But because "give me an animation loop" is so common, convenience functions
exist: play(p), pause(p), stop(p), seek(p, time). Use them or don't.
Hook it to WebAudio, a scroll position, a MIDI clock, or plain
requestAnimationFrame. Your call.
Try It Yourself
This PNG contains a WebGPU shader. It looks static, but inside there's bytecode waiting to run.
Download pngine_logo.pngDrop the PNG above to watch it come to life.
The CLI
The command-line tool compiles, validates, and inspects:
# Compile to PNG with embedded bytecode and executor (default)
pngine shader.pngine -o shader.png
# Smaller PNG without executor (needs shared pngine.wasm at runtime)
pngine shader.pngine --no-executor -o shader.png
# Render an actual frame (not just embed)
pngine shader.pngine --frame -s 1920x1080 -o preview.png
# Validate and see what GPU calls it makes
pngine check shader.png --verbose
The --verbose flag on check shows every GPU call the bytecode will make. Good
for debugging why your shader isn't doing what you expect.
How to Use It
Currently PNGine only supports web browsers. iOS and Android viewers are coming soon™ (when we decide on making a demo for them and see if they crash ahah).
npm install pngine
Create a .pngine file with your shaders and pipeline setup. Compile it:
npx pngine myshader.pngine -o myshader.png
Load it in your page:
import { play, pngine } from "pngine";
const p = await pngine("myshader.png", {
canvas: document.getElementById("canvas"),
});
play(p);
That's it. Your shader is now a PNG that plays anywhere WebGPU runs.
Target Users
Like all things I do for fun, this is a Public Domain (CC0) project.

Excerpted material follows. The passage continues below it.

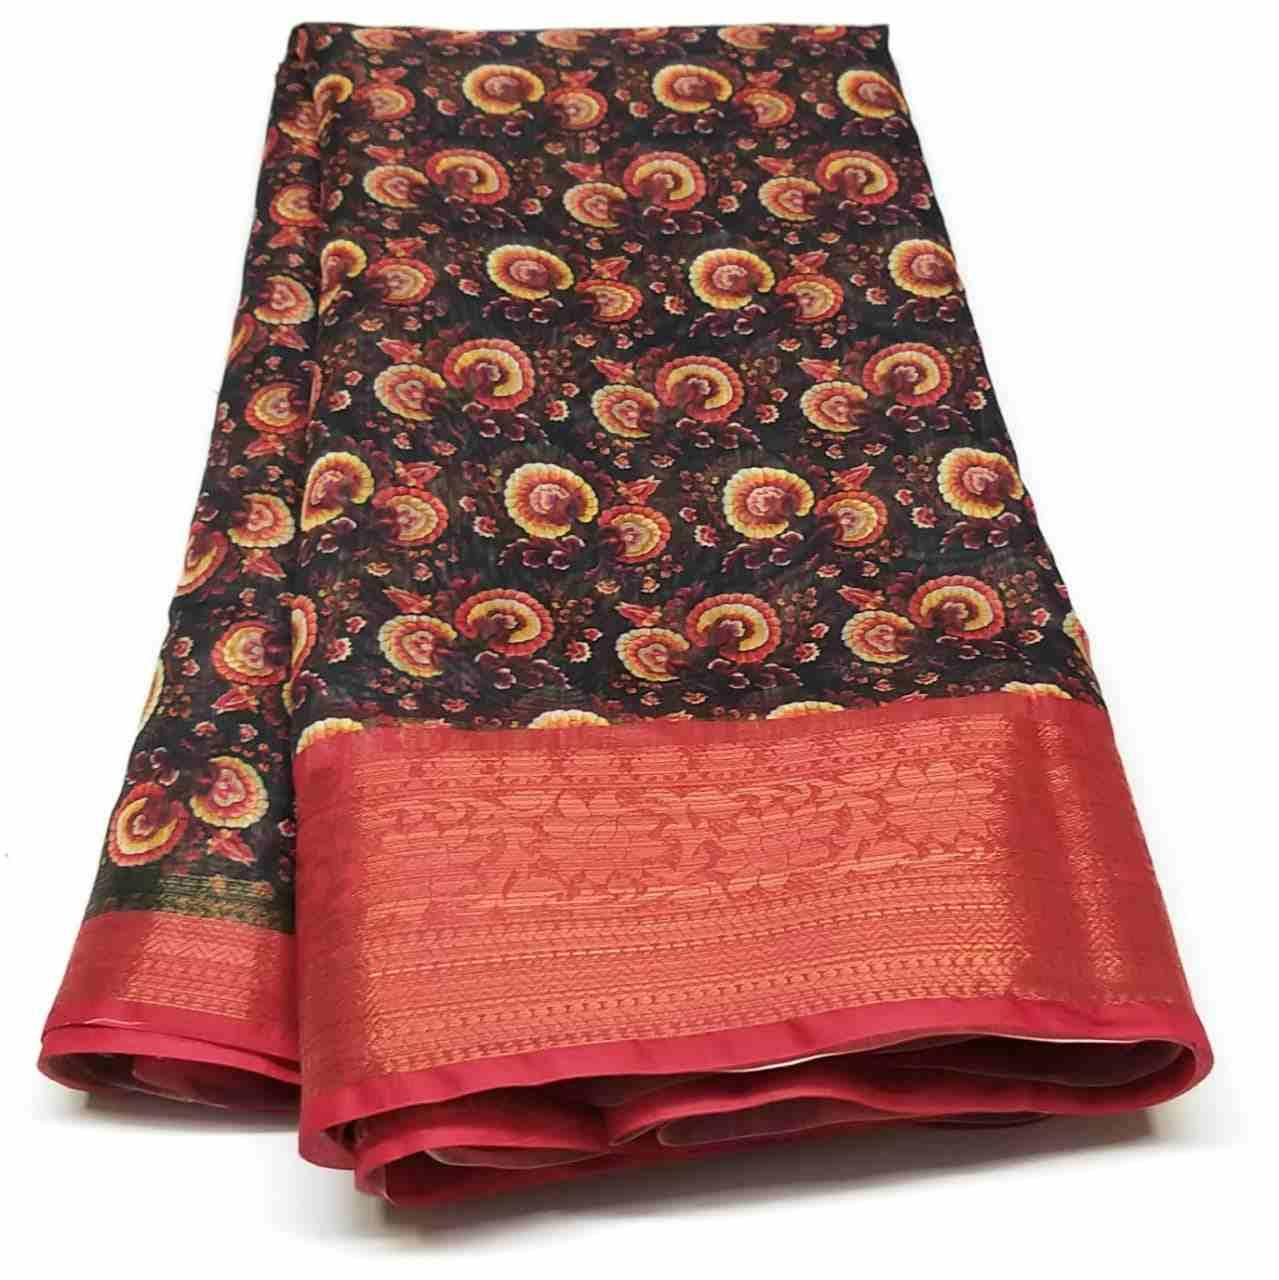 Rambha-2 Orange Cotton Saree

I built it for myself, to spend more time writing WGSL shaders and less time on boilerplate. I'm exploring scenarios where I can make mini creative tools for future Inércia demos, maybe resurrect old projects in this rendering approach.
If you like shaders and want a fun way to package and share them without big limitations on expressiveness, maybe PNGine won't be a total waste of your time.
Next Inércia
Will this crash the demoparty competition machine again? Probably. But at least
now I can run pngine check demo.png --verbose and see exactly what GPU calls
it makes before I embarrass myself.
I am still working on the proper site for this with one of those fancy landing pages. The source is on GitHub. The Inércia demo that failed is somewhere in my shame folder.
See you at the next demoparty.